Prashant Meharchandani, Adv. & Abhivadya Sood, Adv. for the Petitioner. T.K. Joshi, Sr. Standing Counsel Assisted By Vikram Bali, Junior Standing Counsel for the Respondent.

Income Tax

Prashant Meharchandani, Adv. & Abhivadya Sood, Adv. for the Petitioner. T.K. Joshi, Sr. Standing Counsel Assisted By Vikram Bali, Junior Standing Counsel for the Respondent.

Reply on behalf of respondent No.1 has been filed with the advance copy supplied to the counsel for the petitioner. The same is taken on record. Registry is directed to tag the same at appropriate place.

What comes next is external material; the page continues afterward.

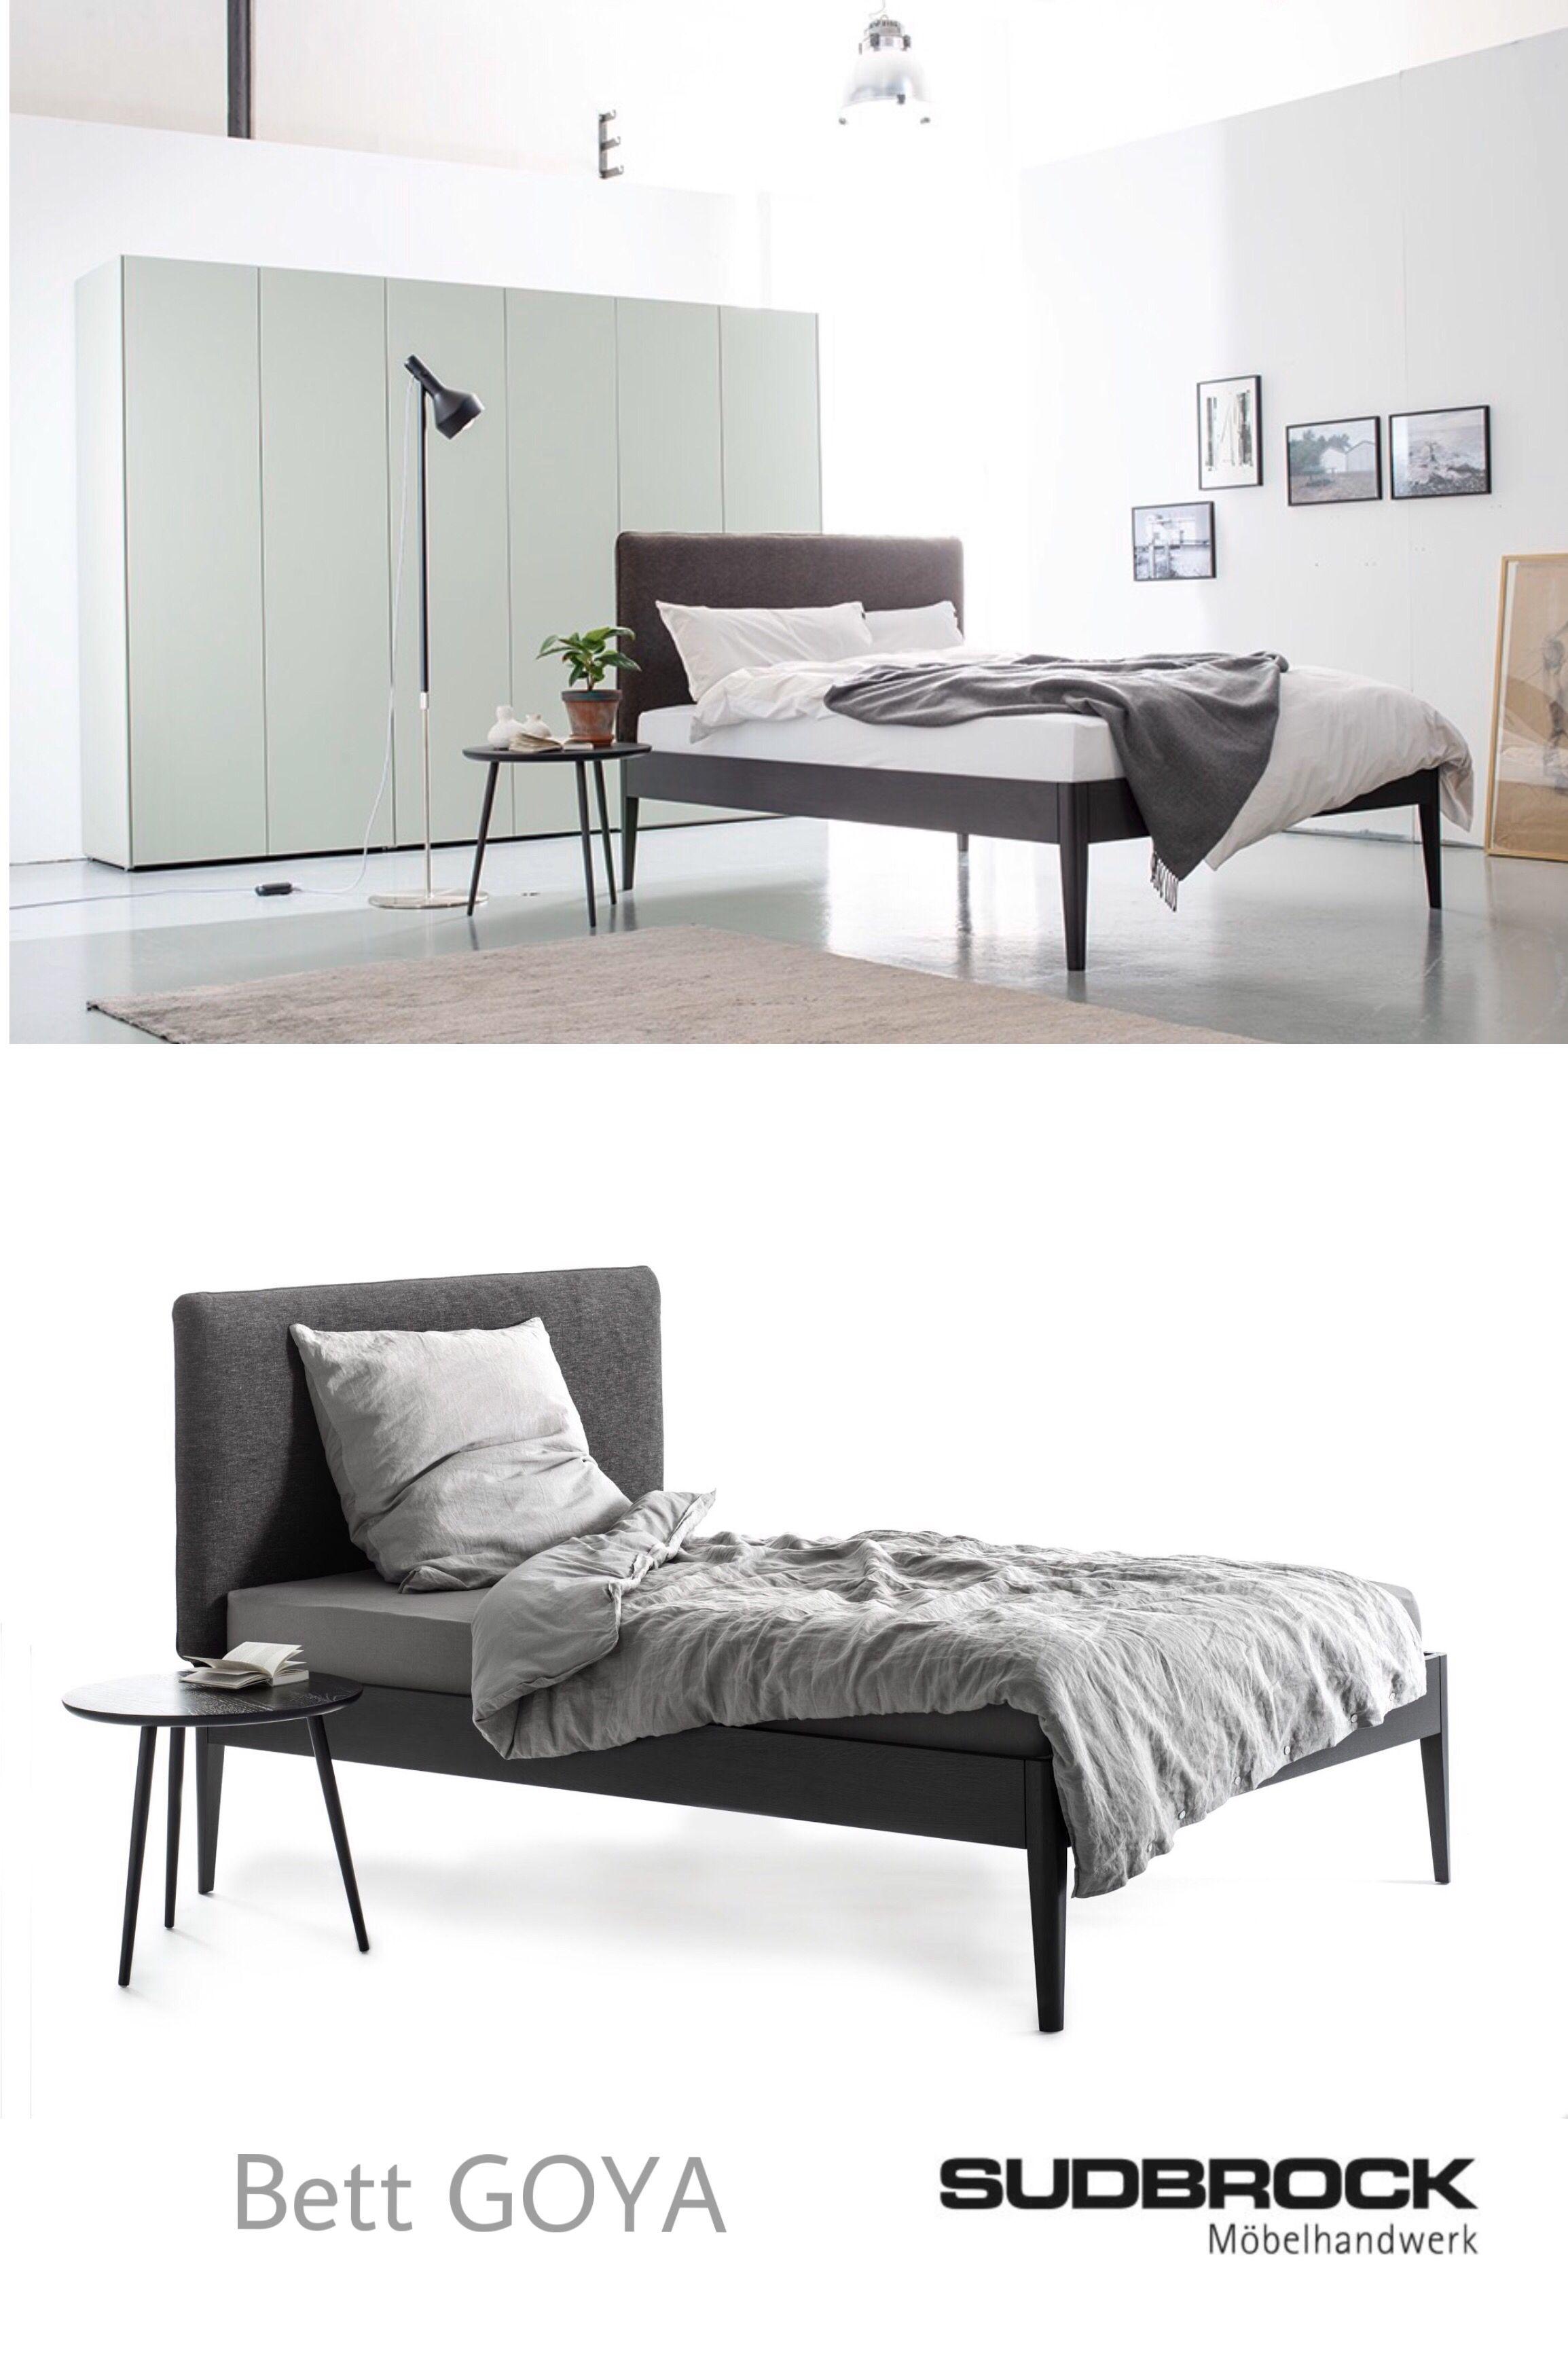 Bett GOYA von SUDBROCK Möbel Schlafzimmer Einrichtung
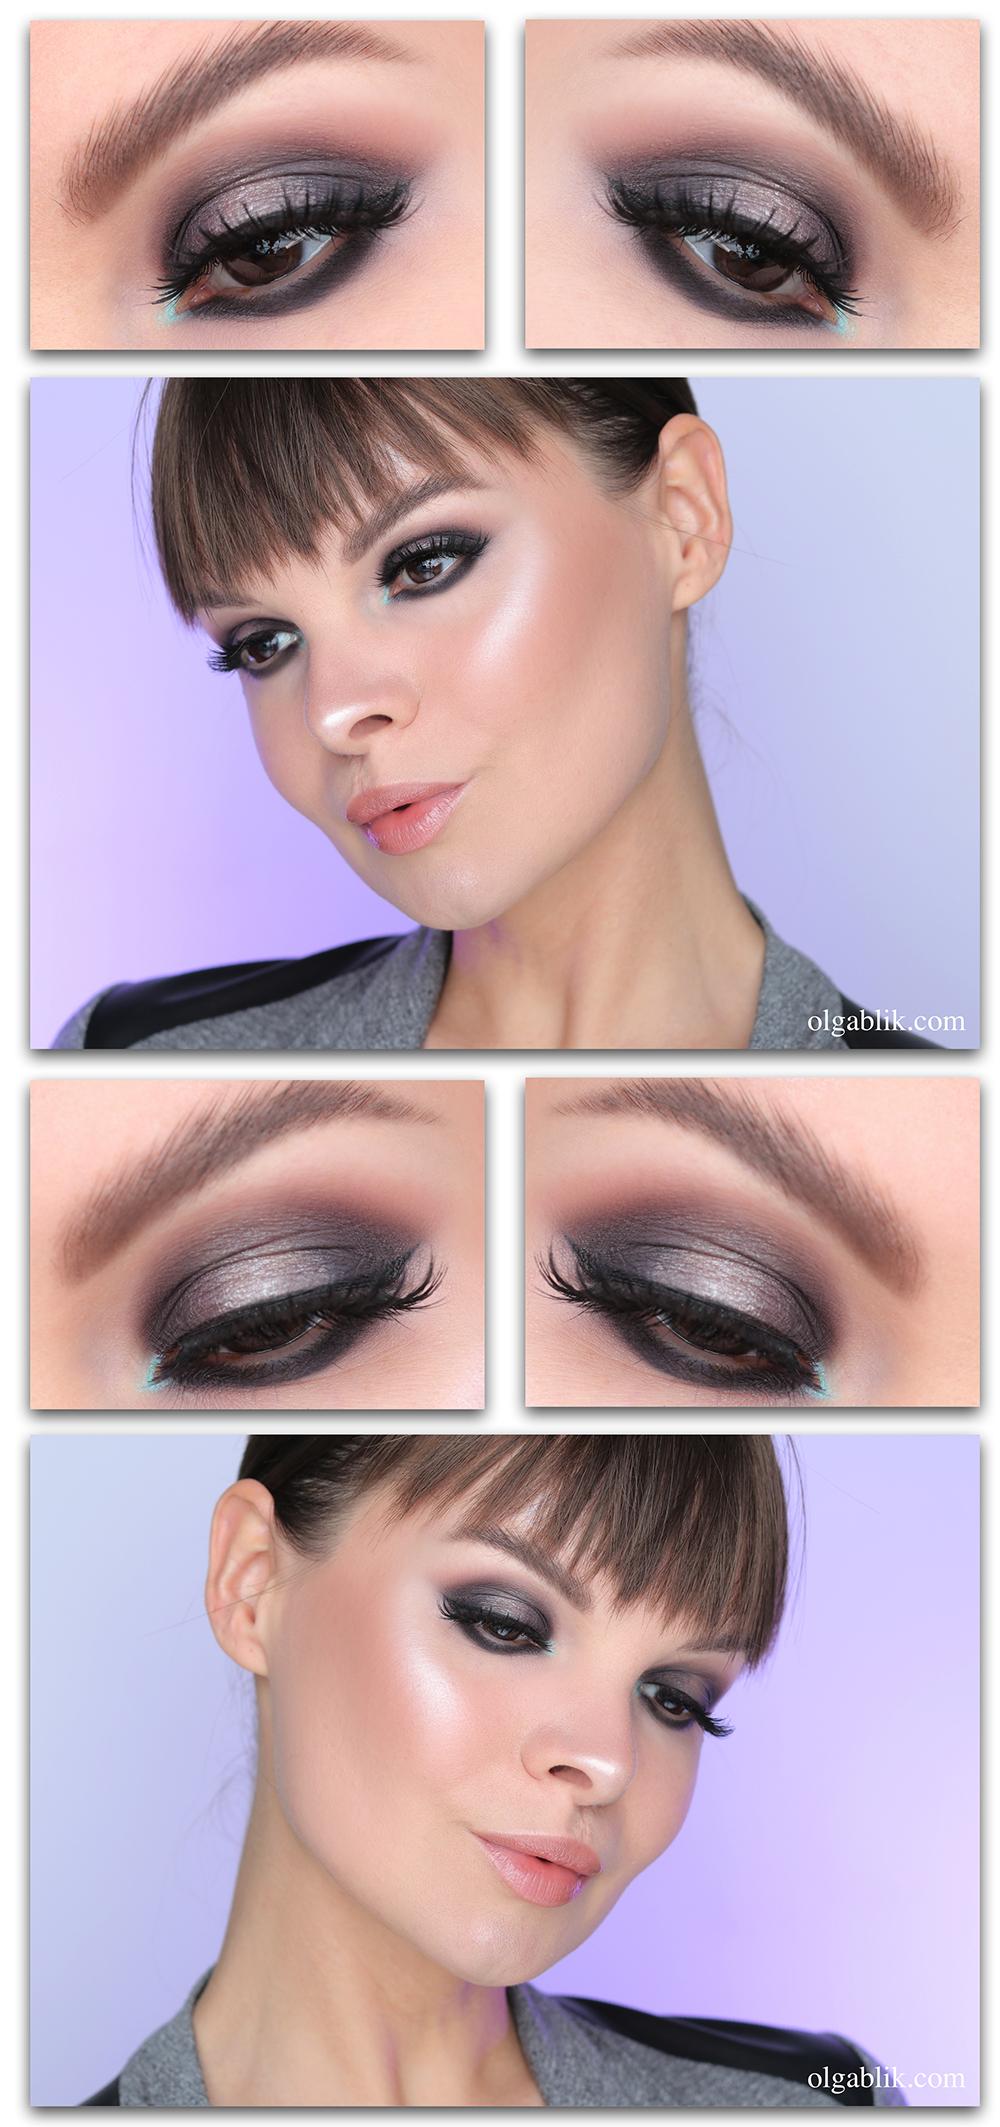 Как сделать макияж Смоки айс, Глаза смоки айс, смоки айс фото

2. The petitioner has approached this Court by way of present writ petition under Article 226 of the Constitution of India praying for grant of writ in the nature of mandamus seeking directions to respondent No.1 to refund the amount deposited by the petitioner in compliance of the condition imposed by Income Tax Appellate Tribunal (hereinafter referred to as 'ITAT').


3. The assessee is a company incorporated under the provisions of Companies Act, 1956. For the assessment year 2009-10, the assessee filed returned income of INR 55,62,46,132 and claimed refund of INR 8,00,03,940. The case was picked for scrutiny assessment. Draft assessment order under Section 143(3) (of Income Tax Act, 1961) read with Section 144C (of Income Tax Act, 1961) (hereinafter referred to as 'Act') was passed on 28.02.2013 (Annexure P-3), whereby the income of the petitioner was assessed at INR 137,83,95,032. The petitioner objected to the same before Dispute Resolution Panel (DRP). DRP confirmed the additions made in the draft assessment order resulting in the final assessment order under Section 143(3) (of Income Tax Act, 1961) dated 18.12.2013 (Annexure P-5).


4. Petitioner impugned the aforesaid assessment order before Income Tax Appellate Tribunal (ITAT). ITAT vide order dated 07.02.2014 (Annexure P-6), stayed the assessment order under Section 143(3) (of Income Tax Act, 1961) subject to the petitioner depositing an amount of Rs.10 crore in two installments of Rs.5 crore each by 28.02.2014 and 31.03.2014. The petitioner complied with the order. Copies of deposit challans have been placed on record as Annexure P-7. ITAT vide order dated 21.10.2014 remanded the matter back for fresh assessment by the authorities. It needs to be noticed here that the issue with respect to the depreciation of INR 33,91,637 disallowed by the assessment authorities was not raised by the petitioner and thus was conceded by assessee.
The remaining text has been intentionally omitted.